Interestingly, when reducing the number of CPUs (nosmt), it works as
expected.

The underlying issue is that we first allocate memory (including module
vmap space) in layout_and_allocate(), and then verify whether the module
is unique in add_unformed_module(). So we end up allocating module vmap
space even though we might not need it -- which is a problem when modules
are big and we can have a lot of concurrent probing of the same set of
modules as on the big system at hand.

Unfortunately, we cannot simply add the module earlier, because
move_module() -- that allocates the module vmap space -- essentially
brings the module to life from a temporary one. Adding the temporary one
and replacing it is also sub-optimal (because replacing it would require
to synchronize against RCU) and feels kind of dangerous judging that we
end up copying it.

So instead, add a second list (pending_load_infos) that tracks the modules
(via their load_info) that are unique and are still getting loaded
("pending"), but haven't made it to the actual module list yet.

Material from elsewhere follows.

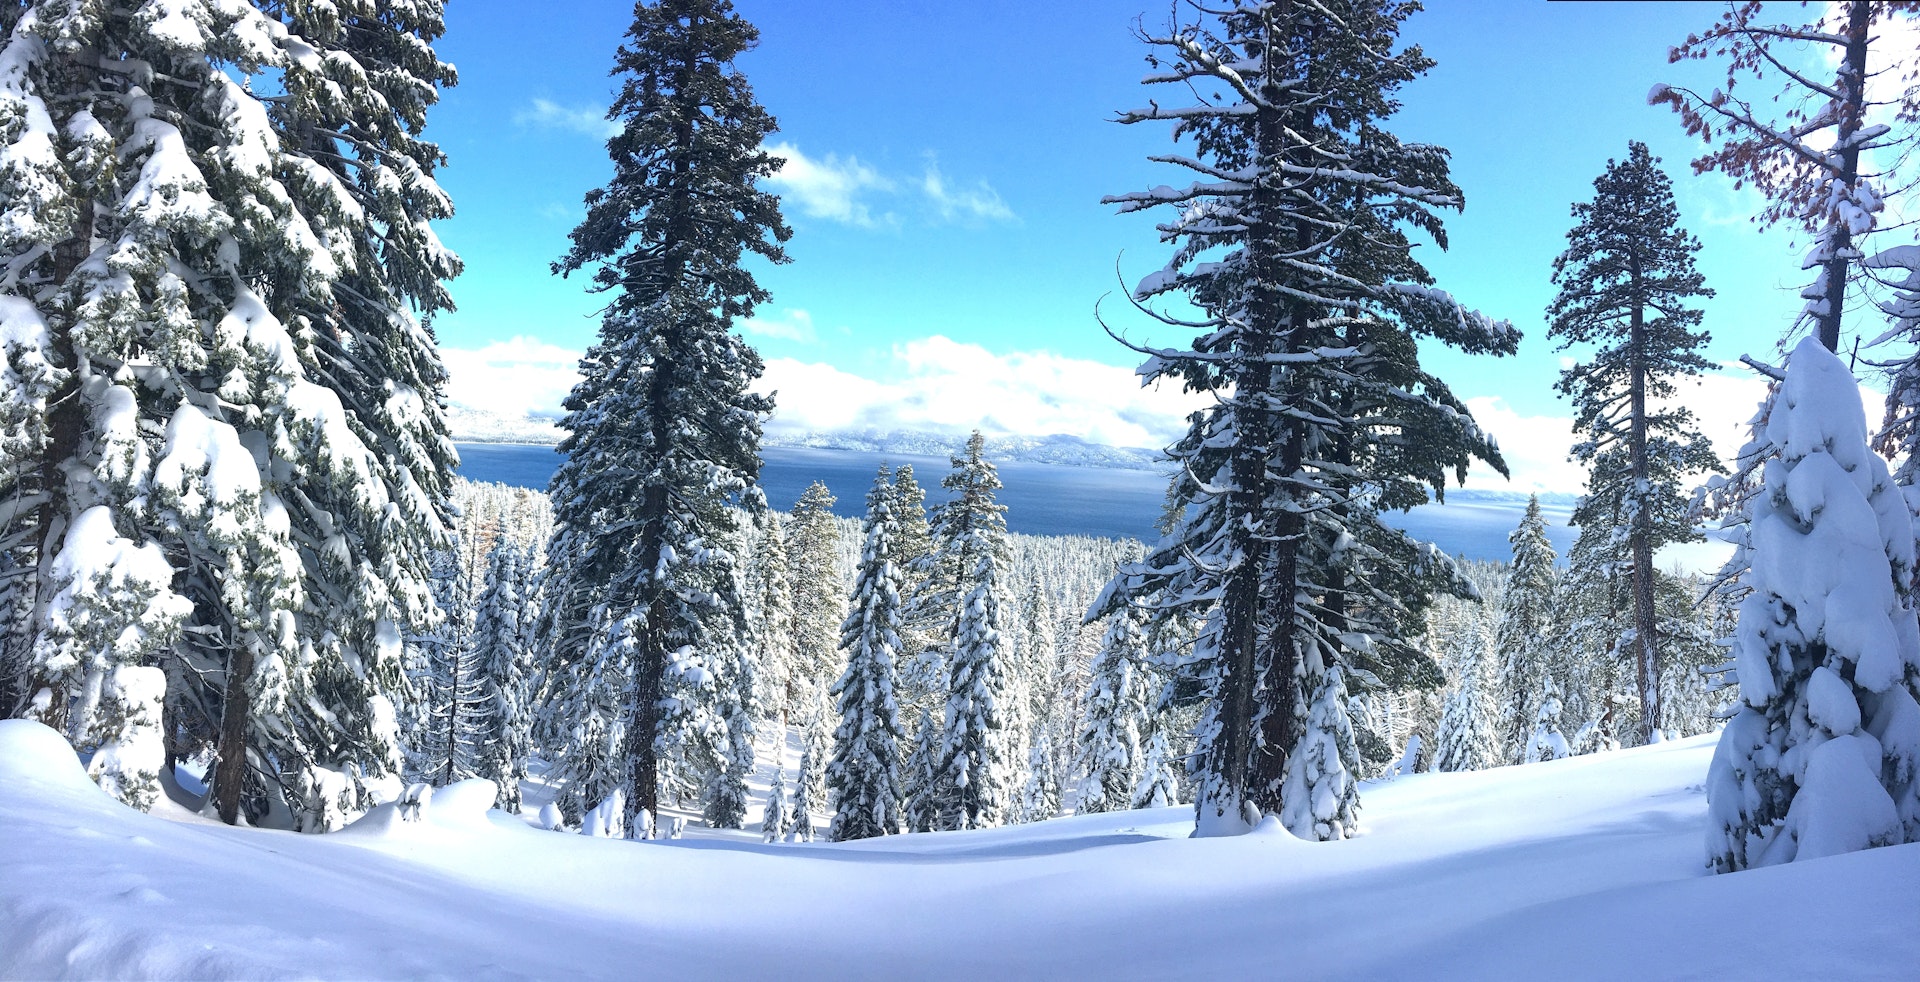 A snow field surrounded by tall evergreens with snowy peaks in the distance

This
shouldn't have a notable runtime overhead when concurrently loading
modules: the new list is expected to usually either be empty or contain
very few entries for a short time.

Thanks to Uladzislau for his help to verify that it's not actually a
vmap code issue.

Reported-by: Lin Liu <linl@redhat.com>
Cc: Andrew Morton <akpm@linux-foundation.org>
Cc: Luis Chamberlain <mcgrof@kernel.org>
Cc: Uladzislau Rezki (Sony) <urezki@gmail.com>
Cc: Alexander Potapenko <glider@google.com>
Cc: Andrey Konovalov <andreyknvl@gmail.com>
Cc: Andrey Ryabinin <ryabinin.a.a@gmail.com>
Cc: Dmitry Vyukov <dvyukov@google.com>
Cc: Vincenzo Frascino <vincenzo.frascino@arm.com>
Signed-off-by: David Hildenbrand <david@redhat.com>
---
 kernel/module/internal.h |   2 +
 kernel/module/main.c     | 122 +++++++++++++++++++++++++++------------
 2 files changed, 88 insertions(+), 36 deletions(-)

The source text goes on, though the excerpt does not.